Eventually, we had to take the work private, which was not a huge problem, because by then I knew who was skilled at this kind of thing. Groklaw is a meritocracy. I leave the structure loose, so anyone can volunteer to do anything they feel like doing, but over time, I notice whose work is most useful, and others usually agree.

Still, it's an unfortunate thing that we had to do that project behind the scenes, because we had to limit ourselves to only those we already knew, which is not desirable in an open project. The workaround I've found is to do the fundamental work with known and trusted volunteers, and then post the results for comment and tweaking by the public at large. That keeps the door open to some brainiac newcomer, which you want, but it doesn't let spies and disrupters ruin things, which you don't want.

Why and When It Works

I don't think the process would work as well for a less, shall we say, inspiring case. Volunteers responded because they seriously cared about the outcome, not because they found learning to do legal research fascinating. I have gotten a lot of email about enjoying the learning, actually, but I also know that SCO was an inspiration. For some, watching an attack on Linux is like watching someone kick Dorothy's dog, Toto: people get mad and want to do something about it. You don't get the same response in all cases or by paying people. There isn't enough money in the world to pay me for the amount of work I donated to Groklaw, the nights without sleep, the anxiety, or the jerks I had to deal with sometimes, if I may speak plainly.

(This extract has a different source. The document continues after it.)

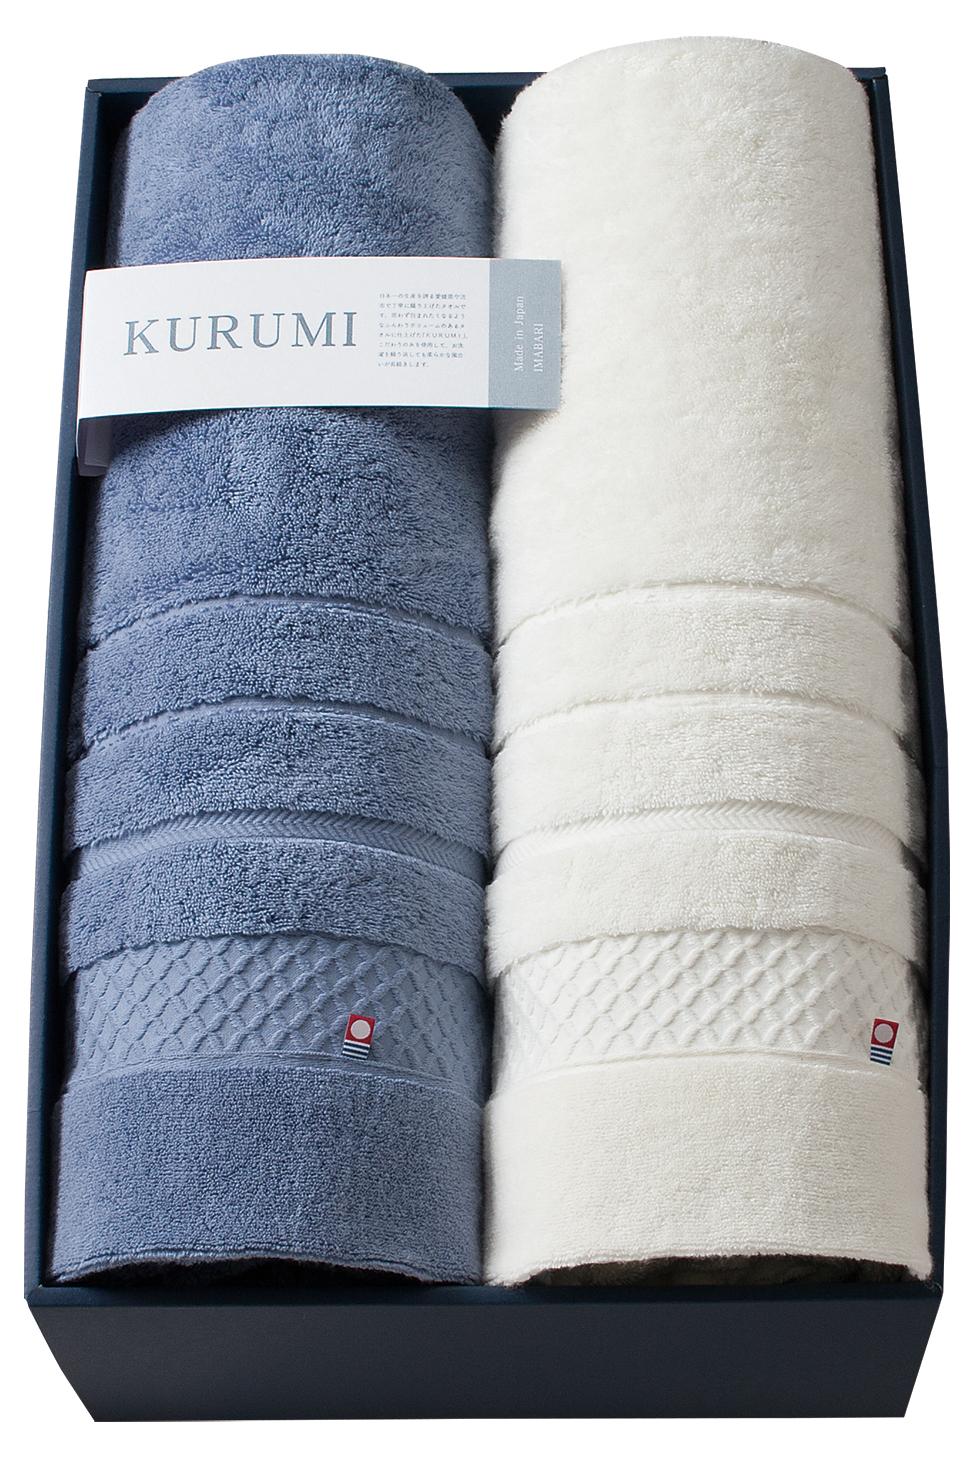 KURUMI 今治製パイル綿毛布2P(ネイビー・ホワイト)
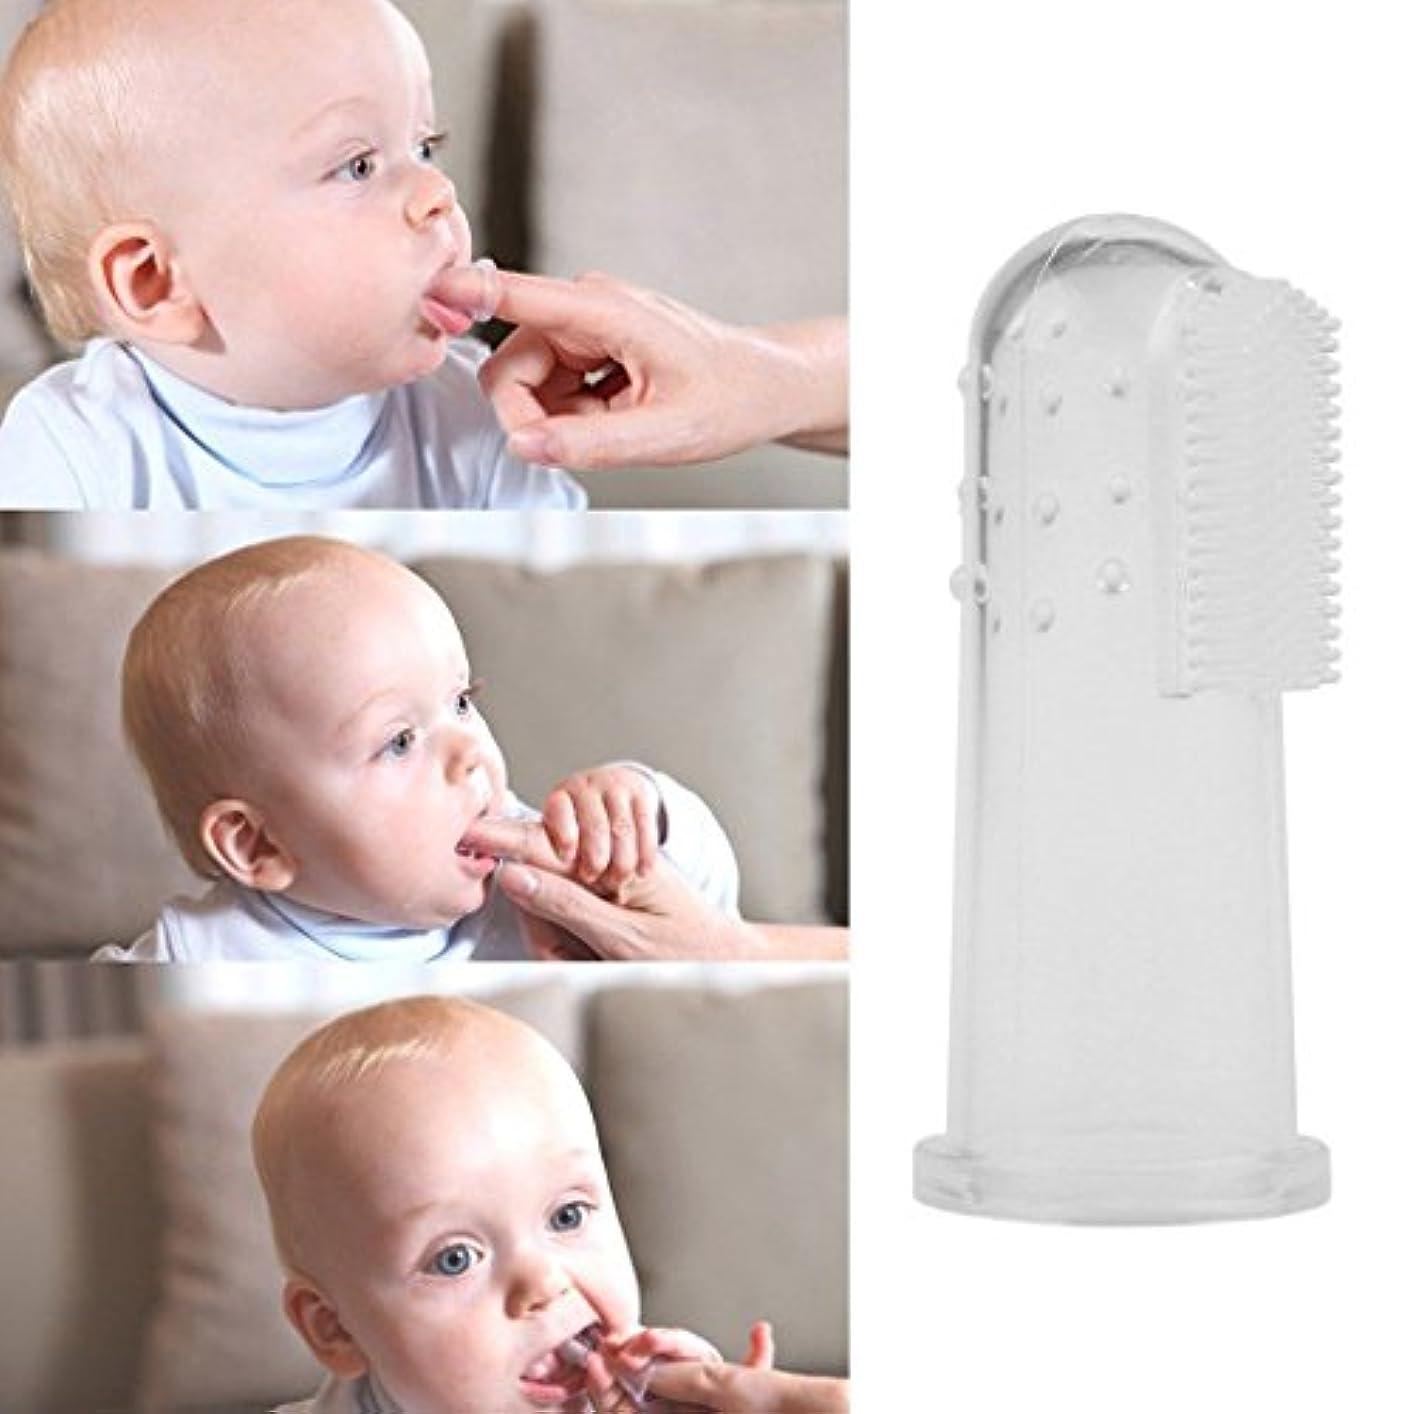 ブルーベル薬モスクCUTICATE おもちゃ歯が生える赤ちゃんの明確な屈曲可能なおしゃぶりトレーニング指歯ブラシ乳児

But it isn't by any means the only case I or my readers care about. Patents and standards also interest the FOSS community and should there eventually be a patent infringement attack on Linux or GNU/Linux, as I believe there will be, I know for sure that the community will react and be available to help. I hope and expect that Groklaw will be ready to be useful again, perhaps in doing prior-art searches, for example, which could definitely be done completely in the open, in contrast to the legal research in the SCO case.

I also know that if a company had a tech issue and needed to tap into the Groklaw group mind, they could simply place the issue as a comment, and readers would tell them whatever they knew. The encouragement on Groklaw is that you provide either a URL or personal experience to back up the thoughts you've expressed, so that anyone can follow the thread and prove or disprove it. That is vital. It lets everyone know that what they comment about is important, that they must stand behind what they write and be responsible to be careful.

The power of applying open source principals to legal research is real. I've lived it, and I feel it. It worked because no one knows as much as all of us together. There is no law firm in the world that can afford to hire the numbers of researchers Groklaw made available. And a small group of trained paralegals would not have been able to find all the technical information that we at Groklaw found together.

So the bottom line is this: as long as there is the heart and the will to do it, the open source process is effective in doing legal research. If you would like to experience it in action, come and join in the fun.